Monday, December 31, 2007

ESL Training Effectiveness

Was 2007 a successful year for your L&D department? Was your company able to arrange and run effective English language trainings that received good reviews, satisfied your learning objectives, were highly applicable, and delivered an impact to your business? If so, Congratulations!

If not, then the following steps will assist your department to ensure effective trainings in 2008.

1. Ask, “Why do we offer English language training?”
Ask the above question in order to confirm that your company views training as an investment.

2. Spell out business needs
Review goals realized and unrealized, employee performance, and customer surveys to identify performance gaps and areas that must be changed. Be specific and tangible about the nature of your company’s lackluster performance. Choose a level of performance (benchmark) before any learning intervention occurs. Preferably, use existing business measures like:
• Error rates (measured as the number of applications that have to redirected due to data mistakes),
• Costs of miscommunication,
• Service time, and
• Customer satisfaction.

3. Question whether English language training is the correct intervention
First, evaluate either mediocre language skills are the cause of performance gaps. Frequently instead, personal skills as communication skills and interpersonal skills, or behavioral characteristics as a very modest level of confidence and boldness are the true performance barriers. In addition, performance gaps may be a result of different perceptions of how work should be executed, an inappropriate organizational environment, or uninspiring rewards.
Second, assess either training is the correct intervention to close performance gaps. Lackluster talent or personality traits cannot be changed through ESL training but instead requires other intervention.

4. Define training objectives
Determine Business Impact Objectives (level 4), Application Objectives (level 3), Learning Objectives (level 2), and Reaction/Satisfaction Objectives (level 1) for your training. Based on the sample business needs listed above, examples of Business Impact Objectives are:
• Decreasing the error rate by x percent,
• Eliminating costs associated with improper language skills and/or miscommunication,
• Shortening service time by x percent, and
• Increasing customer satisfaction by x percent or raising scores related to staff interaction by x percent.

5. Design the training
Seek out actual and true tailor-made training solutions. If you do not have an in-house design team, develop a set of criteria for selecting an English language training provider that can best meet your needs. Expect them to follow the above four steps and continue shopping around if they do not. Once you engage an ESL provider, work with them closely to define key areas to be addressed in the course and to translate your training objectives into course material imperatives. Do not rush this stage forward, it takes planning, discussions (frank and open), and assessment.
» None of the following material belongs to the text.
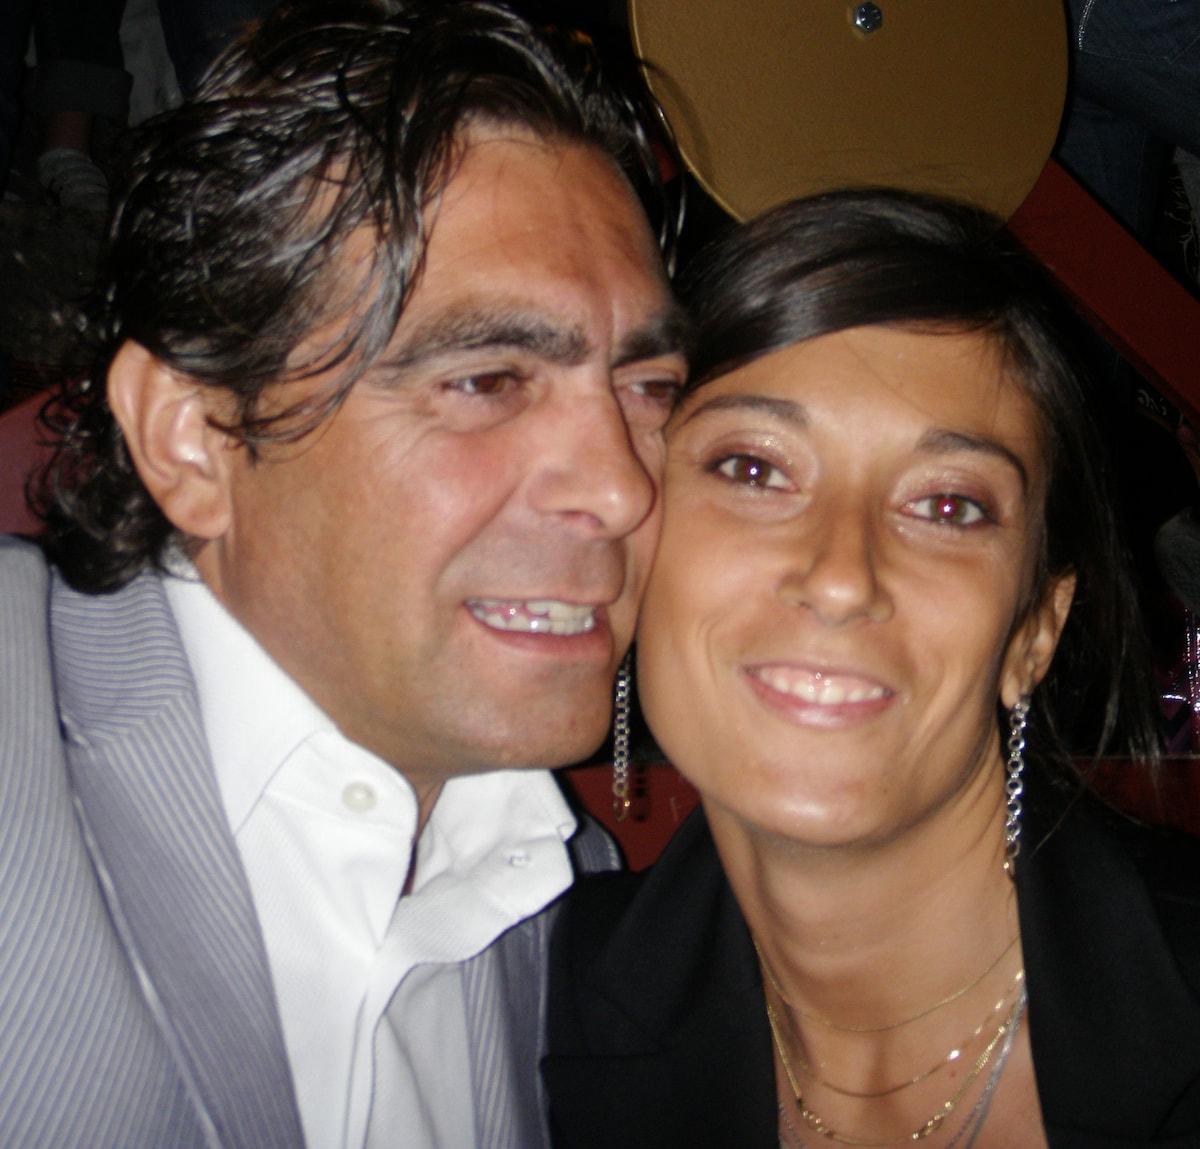 Francesca from Verona

6. Secure employees buy-in
Secure employees’ buy-in by involving them in performance-training dynamics. Develop a corresponding set of HR practices for greater learning impact. Furthermore, ensure that new skills gained by employees through their training are applied and tested in daily work.

7. Perform post-course evaluation
Once the training is over, evaluate the entire process with the provider against previously set criteria. Measure performance again, measure how well skills are applied on-the-job, the learning effect, and reactions of participants.

You can consider skipping lower level objectives and measurements and instead focus on business impact and performance issues only. However, all four levels help define the course objectives more precisely and link the course material to training imperatives more effectively.

Measuring training effectiveness essentially focuses on a range of pre-course sub-processes. If you or the ESL provider cannot execute this important step or you are interested in a third party’s point of view; then engage a consultant with the skills and knowledge to guide this process. A third-party can help you to design and implement effective ESL training and thereby assist your department in making a valid business case for training to the Board and other Executives.